Problem to solve:
Please copy exactly the part of the records below that opens with the line containing "Frank Peter Zimmermann" and closes with the line containing "Brown & Burgundy Rainier Low Sneakers - 4", leaving out any pictures.

Working data:
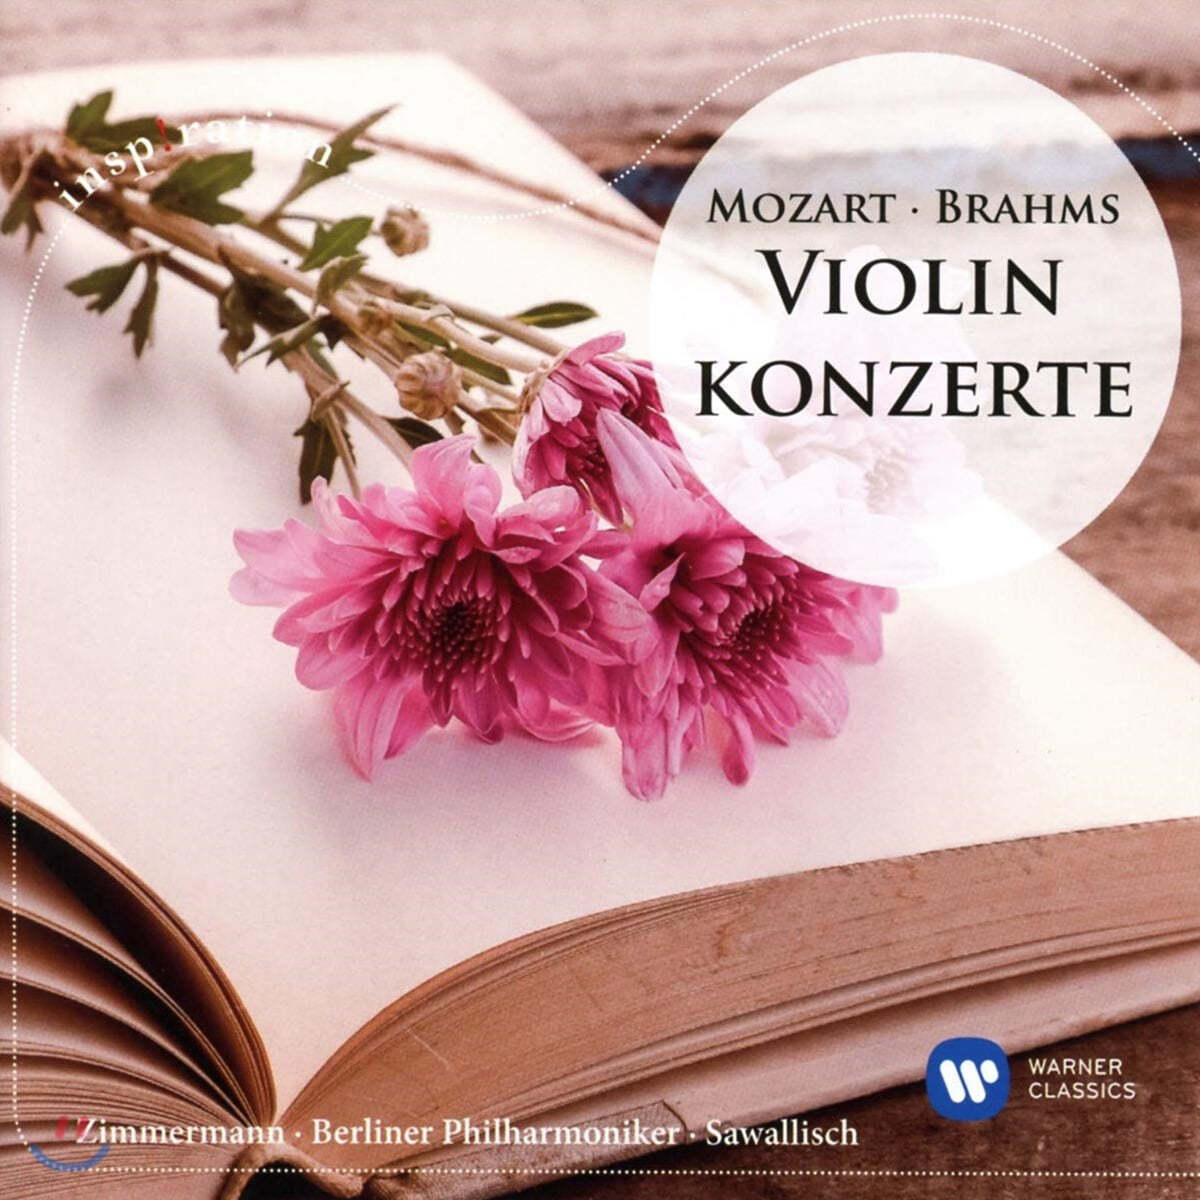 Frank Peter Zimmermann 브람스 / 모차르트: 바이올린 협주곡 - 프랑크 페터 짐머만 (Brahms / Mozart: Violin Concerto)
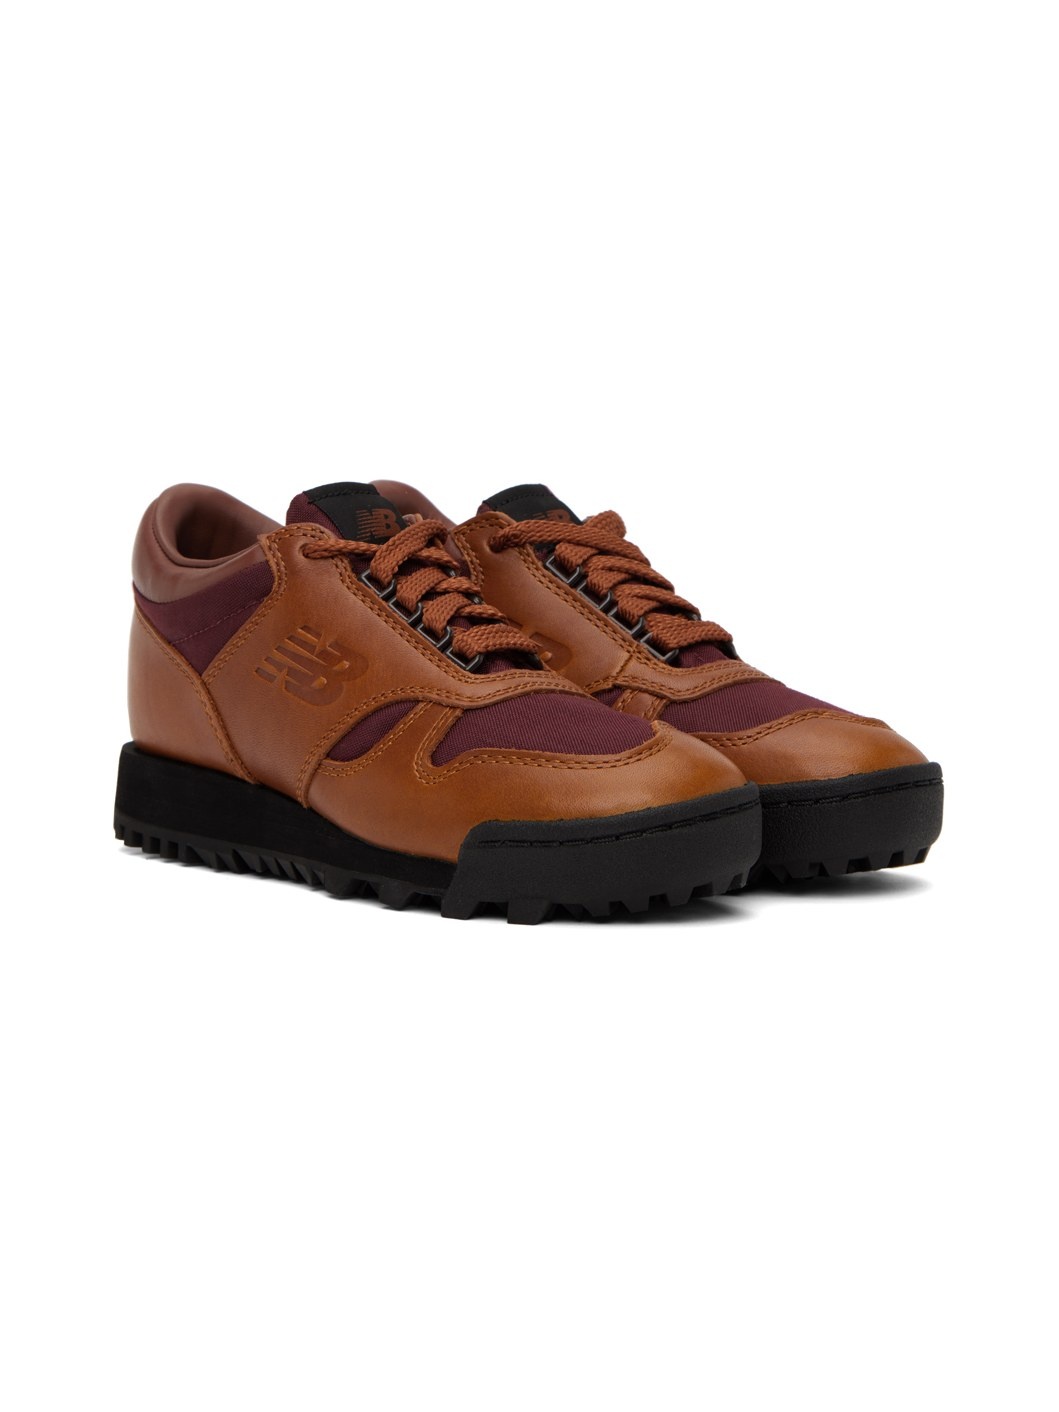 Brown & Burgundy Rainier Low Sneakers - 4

==

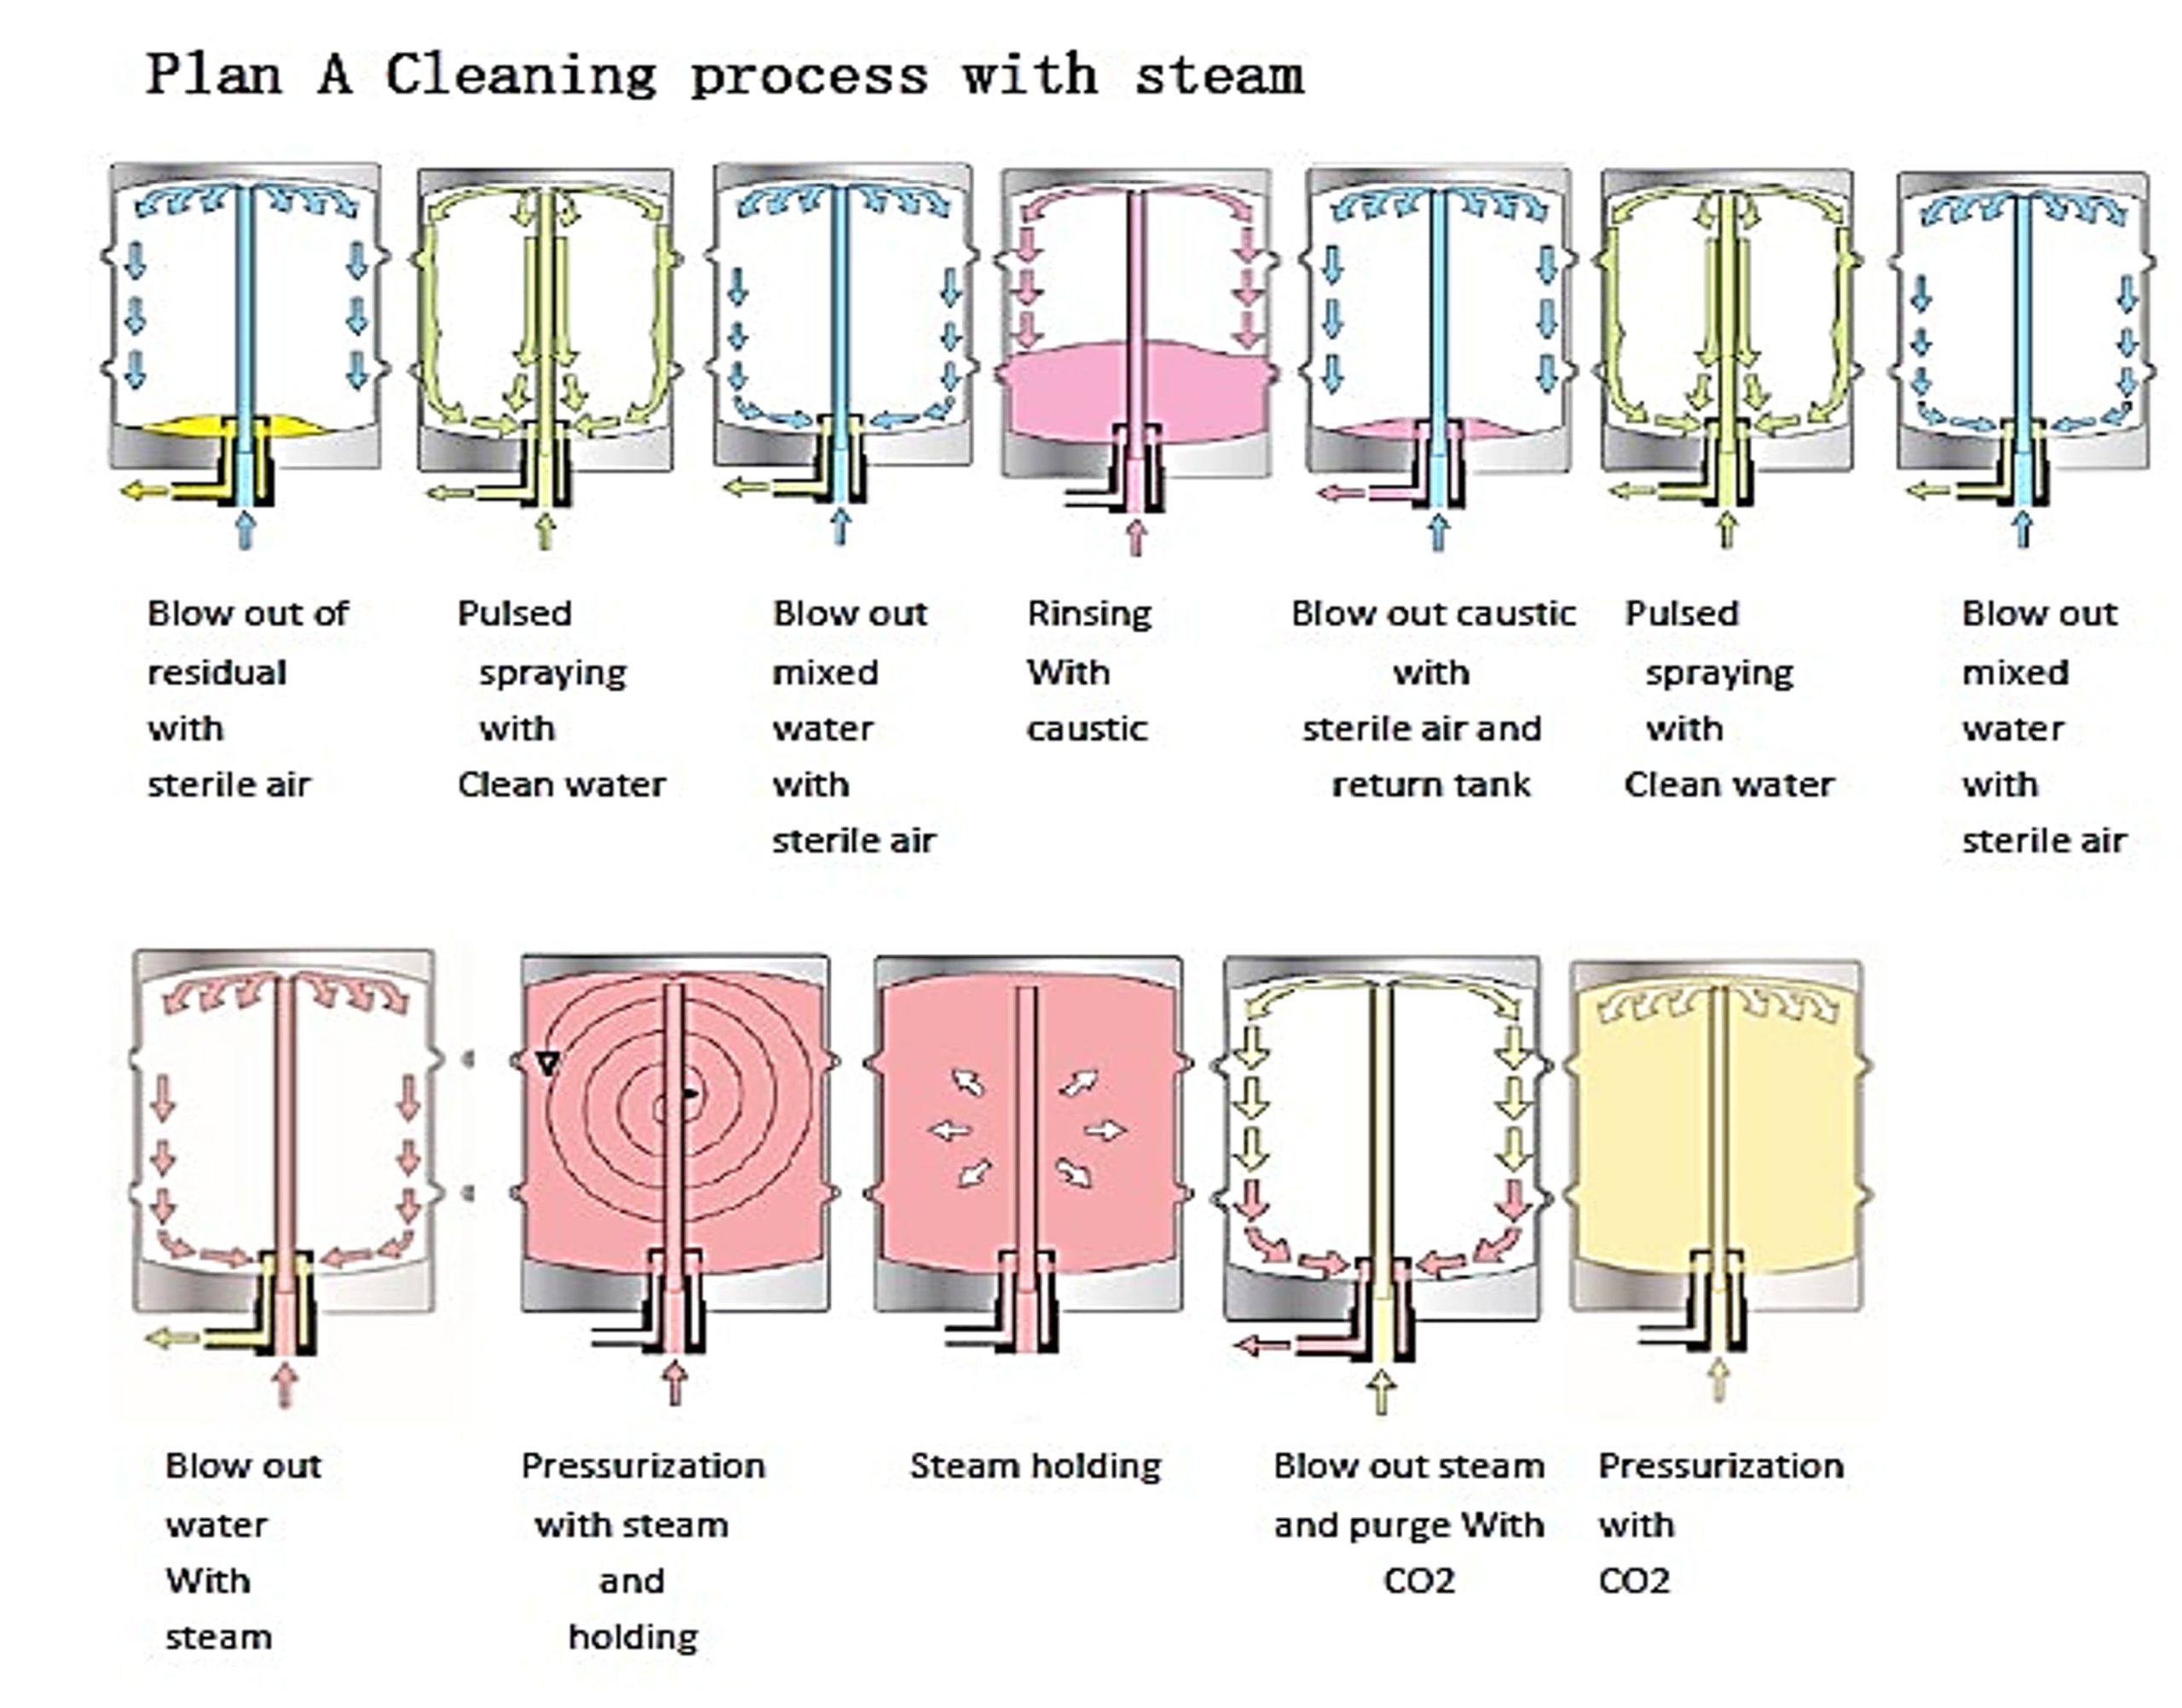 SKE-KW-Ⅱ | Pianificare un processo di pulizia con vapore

--

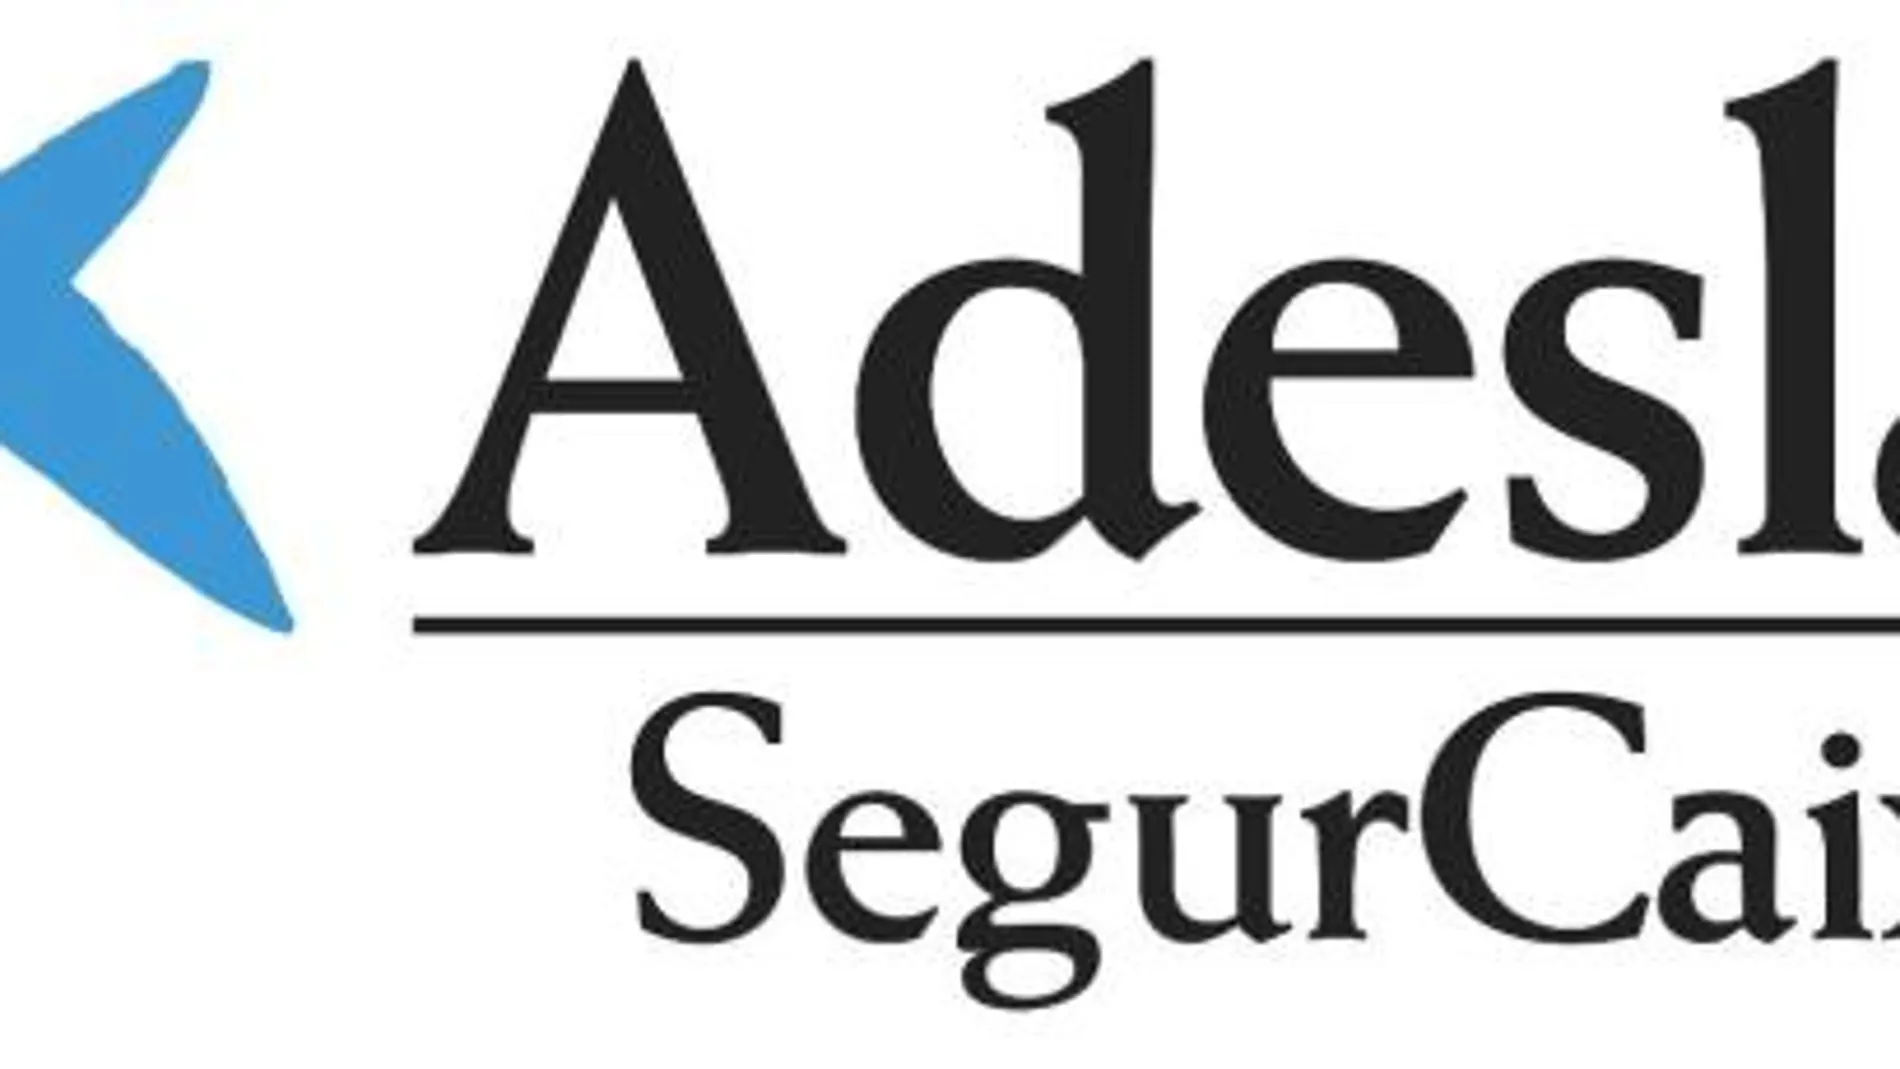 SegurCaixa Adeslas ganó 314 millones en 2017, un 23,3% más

Result below:
 Frank Peter Zimmermann 브람스 / 모차르트: 바이올린 협주곡 - 프랑크 페터 짐머만 (Brahms / Mozart: Violin Concerto)
 Brown & Burgundy Rainier Low Sneakers - 4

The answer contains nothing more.